In the eyes of some, it is the single most important price in the world.
There are those who have been predicting its imminent collapse for what seems like ages. And there are those who, for just as long, have been saying it is the go-to asset.
Yet for almost three years, the price has gone nowhere.
Today, we consider the price of the world’s senior currency, the US dollar.
The US dollar’s long, slow decline
We all know too well what the effects of low rates, quantitative easing (QE), dodgy measures of inflation and all those other ways by which money gets manipulated have been.
Asset prices (particularly those not measured by official inflation, such as stocks and houses) have been pushed up. Debtors, be they banks, governments or the heavily mortgaged, have been bailed out. And savers, the young and anyone who has neither debt nor assets, have been ‘priced out’.
It has all amounted to a huge and (in my view) unforgivable transfer of wealth.
But, no matter how much we complain about it over here, in many ways things have been worse in the US. Americans do not have our out-of-control and divisive property market. But at least our currency has been relatively strong.
The pound’s rally has meant imports and travel overseas have – on a relative basis – been cheap. You wouldn’t know it at the pump perhaps, but the price of West Texas Intermediate oil, for example, is the same as it was three years ago – if you measure it in sterling. Many other commodities are cheaper.
The US dollar, on the other hand, has been insipid.
Looking first at the long term, below we see the US dollar index, (the US dollar versus a basket of other foreign currencies) since 1980.

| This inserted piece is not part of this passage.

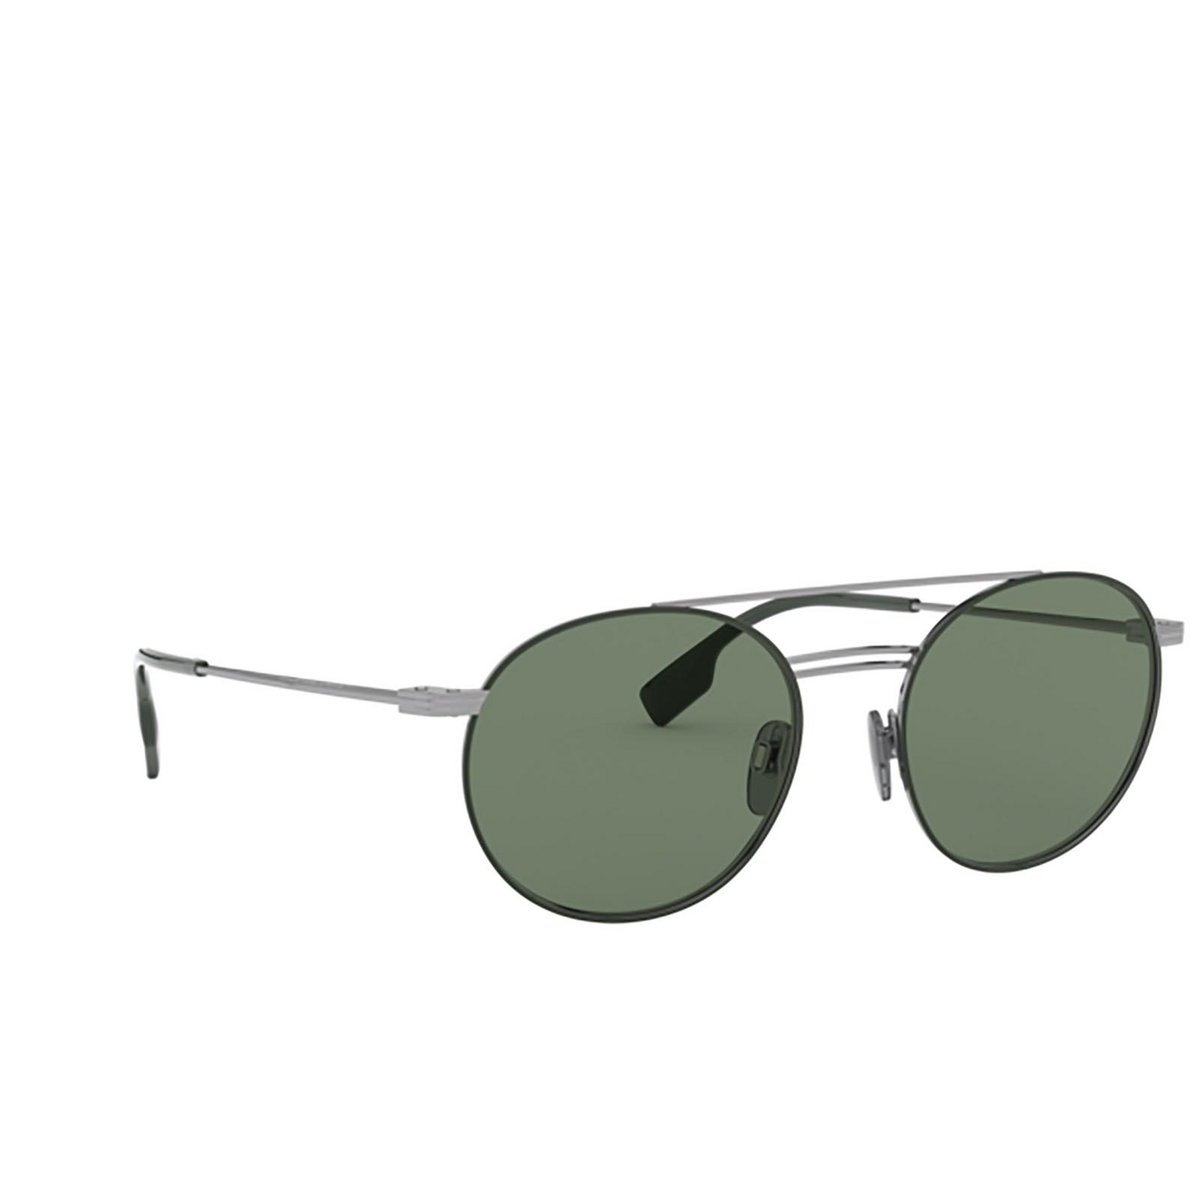 Burberry® Round Sunglasses: BE3109 color Gunmetal / Matte Green 100371 - three-quarters view.
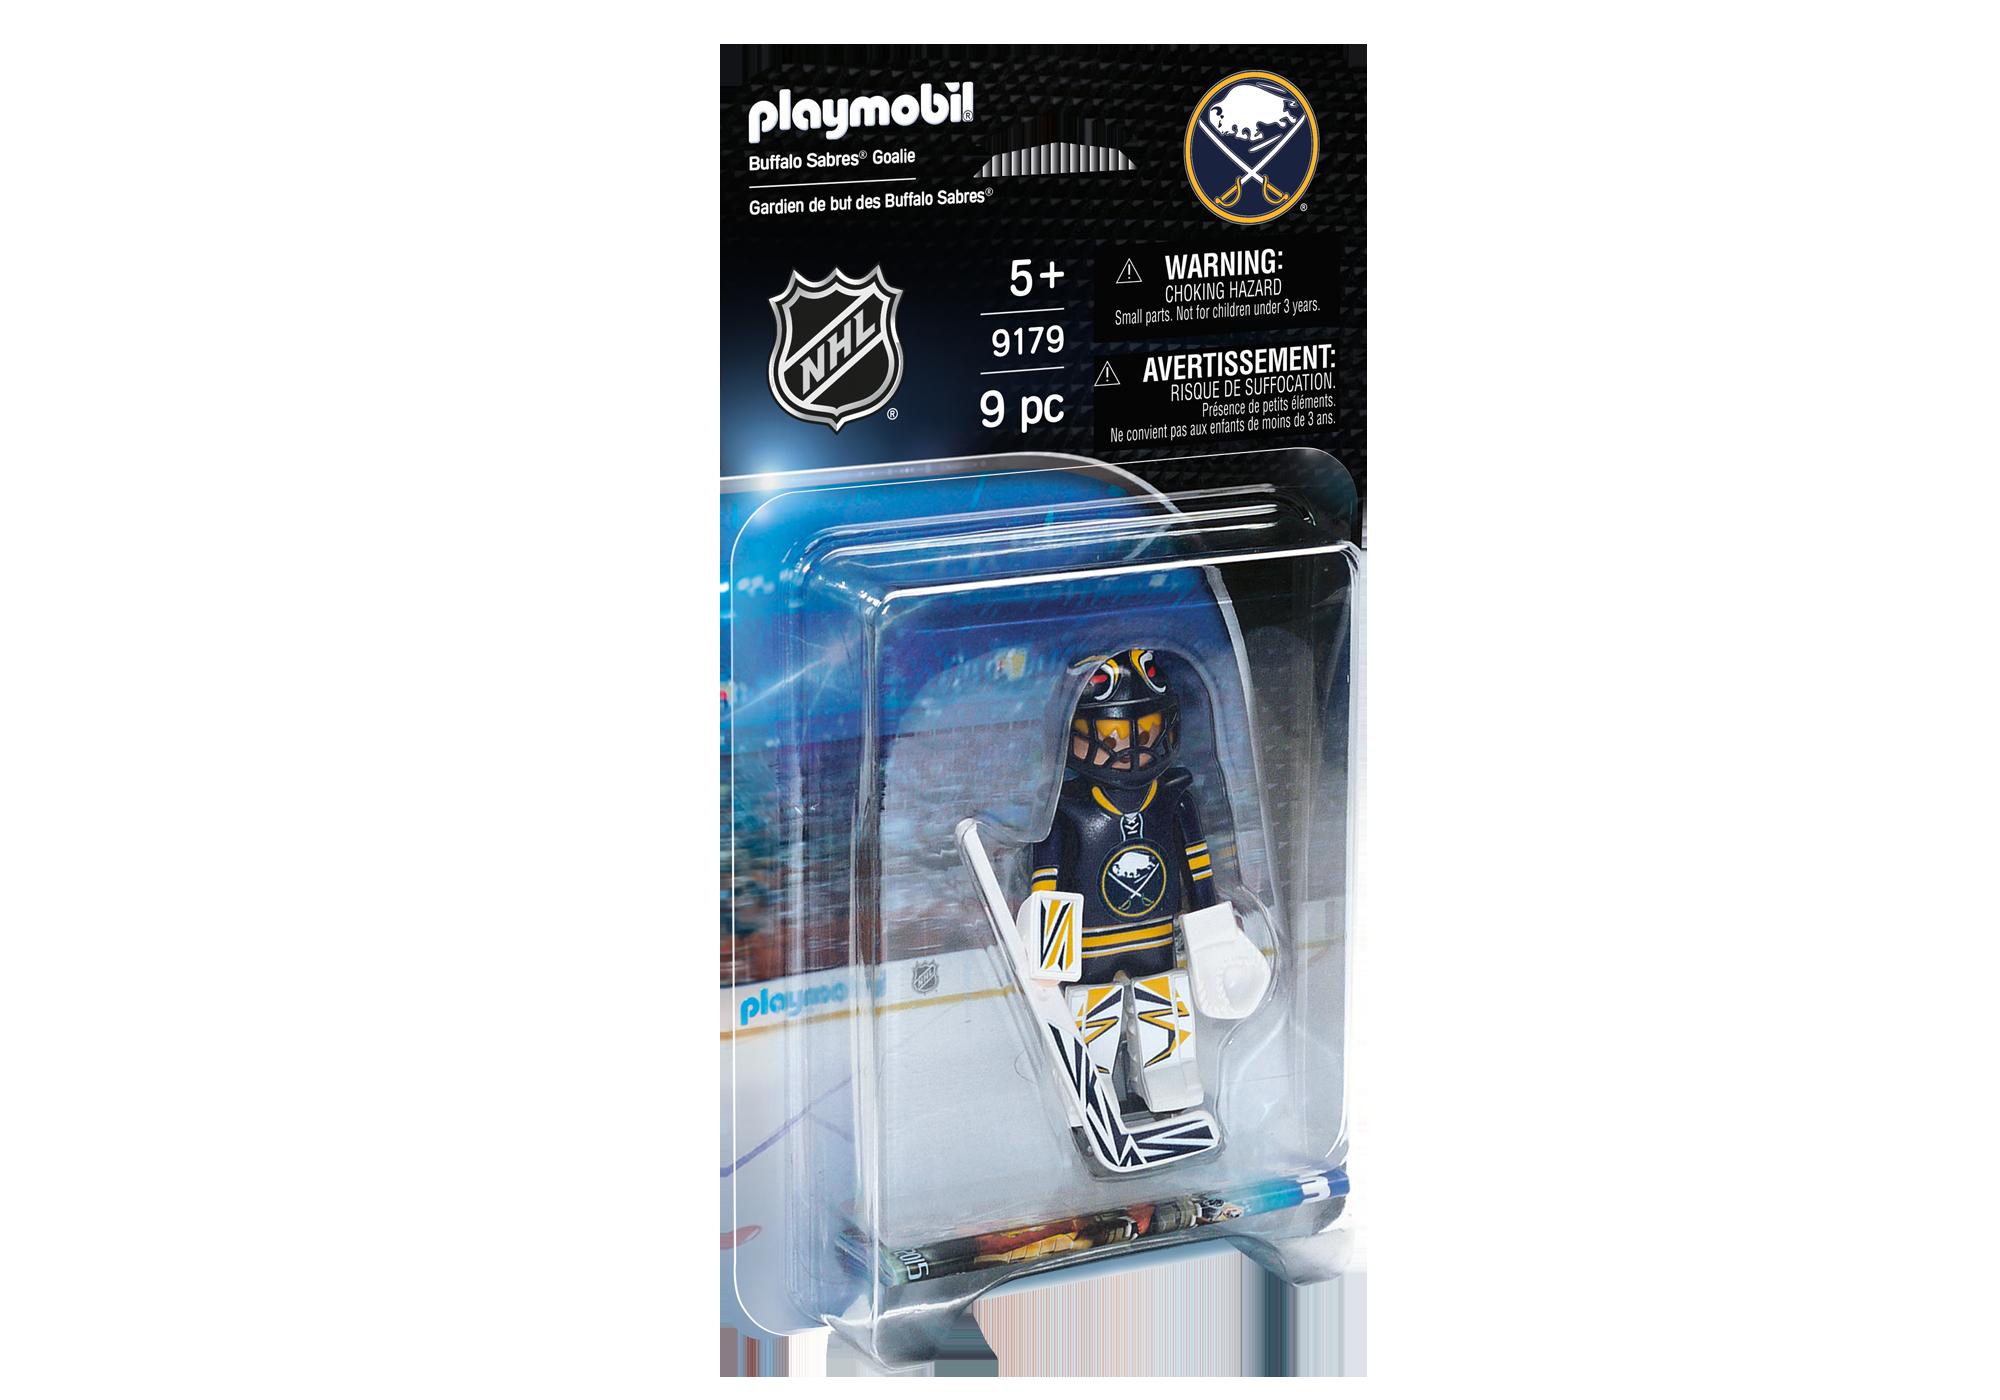 http://media.playmobil.com/i/playmobil/9179_product_box_front/NHL™ Buffalo Sabres™ Goalie

You’ll notice there are strong trends up or down that tend to last several years, which are followed by periods of whipsawing, sideways action (1988-95 and 2008 to the present day).
There have been two huge bull markets – 1980 to 1985, and 1995 to 2001. There have also been two huge bear markets that immediately followed the bulls – 1985 to 1991, and 2002 to 2008.
But the big story from the 1985 peak at around 165 to the present day at 79 has been one of major decline. That’s not necessarily what you want to see from a global reserve currency.
That 2000 peak at just over 120, by the way, is roughly equivalent to the level of the US dollar in 1971. This is significant, as this was a year in which the monetary system was completely reset: when the US came off the gold standard.
I also draw your attention to the red band I have drawn around the 79-81 area in the above chart. It seems to be an important price point. The US dollar found support there in the early 1980s, before setting off on a monster rally that peaked in 2000-2001.
Over the last three years it has been finding support there again and again.
But the more times a level gets tested, the less likely it is to hold. Are we getting set for further falls? Or are we putting in a base, rather like the early 1990s?
What happens next?
Let’s look now at the more recent action. The chart below shows the US dollar since late 2012. I’ll explain everything I have drawn on it in just a moment.
The black line is the actual price of the US dollar. Note the narrow range over the last two years or so – from just below 79 to 84.75.
The red, blue and green lines are simple moving averages. They show the average price of the dollar over the previous year (red line), 55 days (blue line) and 21 days (green line). The main point to note about them is that they’re all pointing down – I’ll explain the significance of that in a moment.
The amber box is drawn around the 78.8 to 79.5 area. This is where the dollar has repeatedly found support – buyers, in other words – over the last two years, before rallying.
Since mid-2013, the rallies have been getting smaller and smaller. Yesterday we re-tested 79.5 for the third time in two months. As I say, the more a level gets re-tested, the more vulnerable it becomes.
And yesterday, support failed. The dollar moved sharply lower.
As I noted above, all three moving averages have turned down, and the price is below them. This suggests that a downtrend is forming – reflecting the longer-term major downtrend pictured in the first chart.
Currencies tend to trade sideways for long periods before making rapid multi-month moves in one way or another. I get the feeling that we’re coming to the end of one such sideways period for the dollar.
The way the dollar moves out of it will have serious repercussions for just about any market you care to think of. For now, the price is heading lower. A break down below 78 would probably herald some inflation. But, more significantly, it will also get people talking. A falling currency – and all the accompanying noise – will increase pressure on the Fed to tighten monetary policy and raise rates.
If the Fed resists this and that downward trend picks up, those guys with the guns and tins, calling for the ‘death of the dollar’, might have the right idea. So far, they have a habit of being proved wrong, however.
For now, it seems that foreign currency traders believe that QE will never end, despite the slow and steady taper. I reckon we’ll see the US dollar continue to fall until the point at which that belief changes. Perhaps in the summer we’ll get a clear announcement of some kind – and if that involves QE ending altogether, the dollar will start to look cheap and should rally.
So perhaps over the next six months we’ll get one of those false breaks lower that puts everyone on the wrong foot, with the dollar plunging before a monster rally higher that does indeed come with end of tapering.
For the moment, that’s my base case. But we shall see. Whatever happens, the price of the dollar bears watching over the coming months – its next big move has major implications for all markets.